Comprehensive Wyckoff Event Trading Signal:
The market has completed the classic bottoming process of "Panic Selling -> Automatic Rally -> Secondary Test/Accumulation" and has shown the strong signal (SOS) of "Breaking out of the accumulation range."
- • Primary Trend Signal: Bullish. Market structure suggests a significant intermediate-term bottom is forming.
- • Operational Recommendations:
- 1. Aggressive Strategy: Consider establishing partial long positions when price stabilizes above 46.50 (recent minor platform high).
- 2. Conservative Strategy: Wait for a pullback to the 45.50-46.00 area (post-breakout support zone), entering upon observing signs of a low-volume halt in the decline.
- 3. Stop-Loss Placement: Stop-loss for all long positions should be placed below the bottom of the accumulation range, suggested at 44.90 (below the recent pullback low of 45.00).

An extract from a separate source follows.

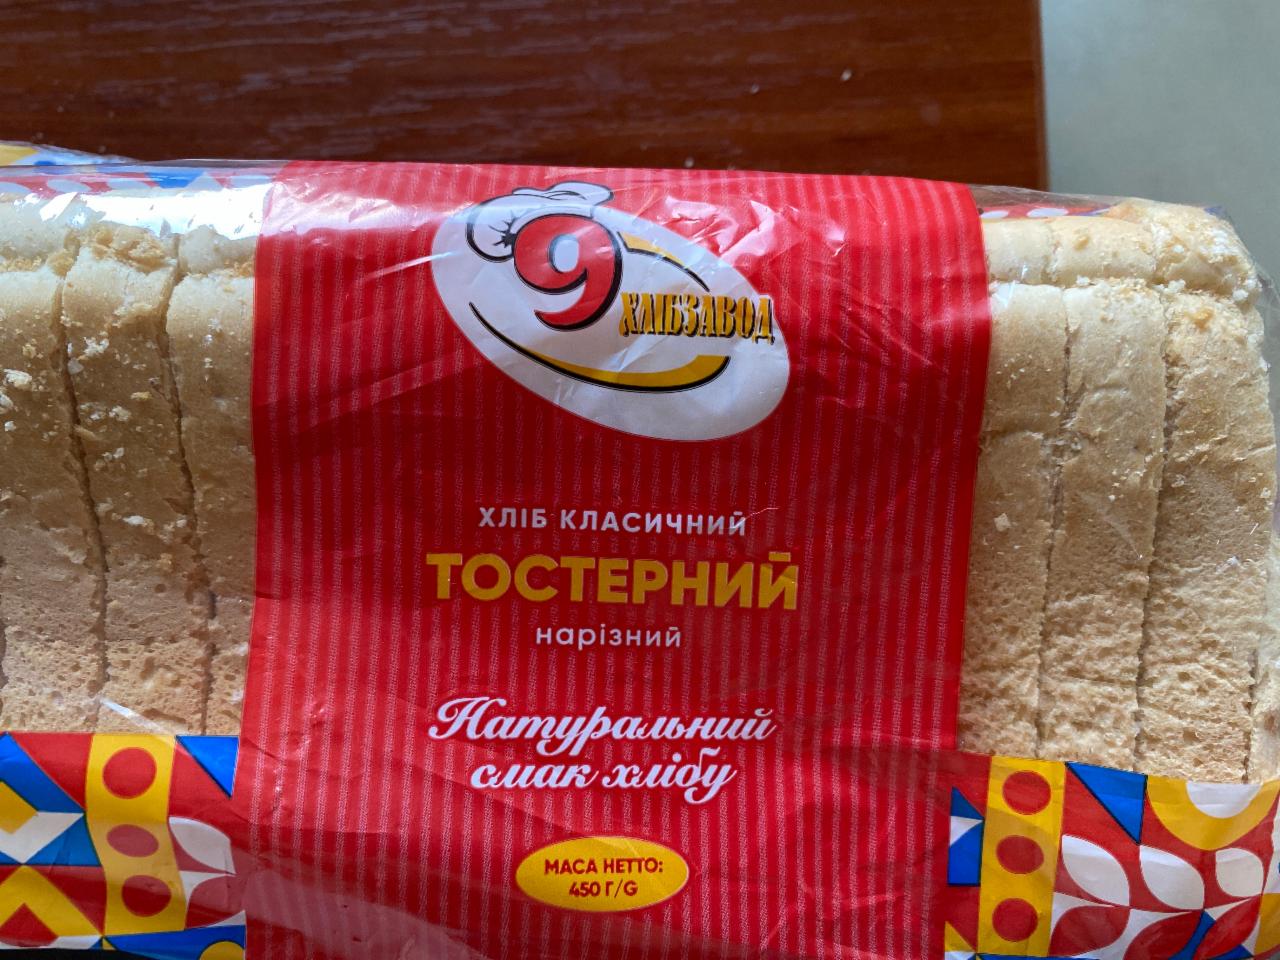 Фото - Хліб класичний тостерний нарізний 9 хлібозавод

- 4. Target Outlook: Initial target can be set towards 50.00. If broken and held above 50, higher technical resistance levels can be considered.
Future Validation Points (Require Close Monitoring):
- • Confirmation Signals: Price maintains above the 46.00 support and breaks the 48.29 resistance on increased volume. Volume should remain active during up days (
VOLUME_AVG_7D_RATIO > 1.2). - • Invalidation Signals: Price falls back below 45.00 on increased volume, especially breaking the 44.90 support level. This would signal a failed breakout, potentially leading the market back into accumulation consolidation or testing lower supports, necessitating a reassessment of market structure.
Disclaimer: All content in this report is based on quantitative analysis and theoretical derivation using the provided historical data and does not constitute specific investment advice. Financial markets carry risks, and past performance is not indicative of future results. Investors should make independent judgments and exercise caution in their decisions.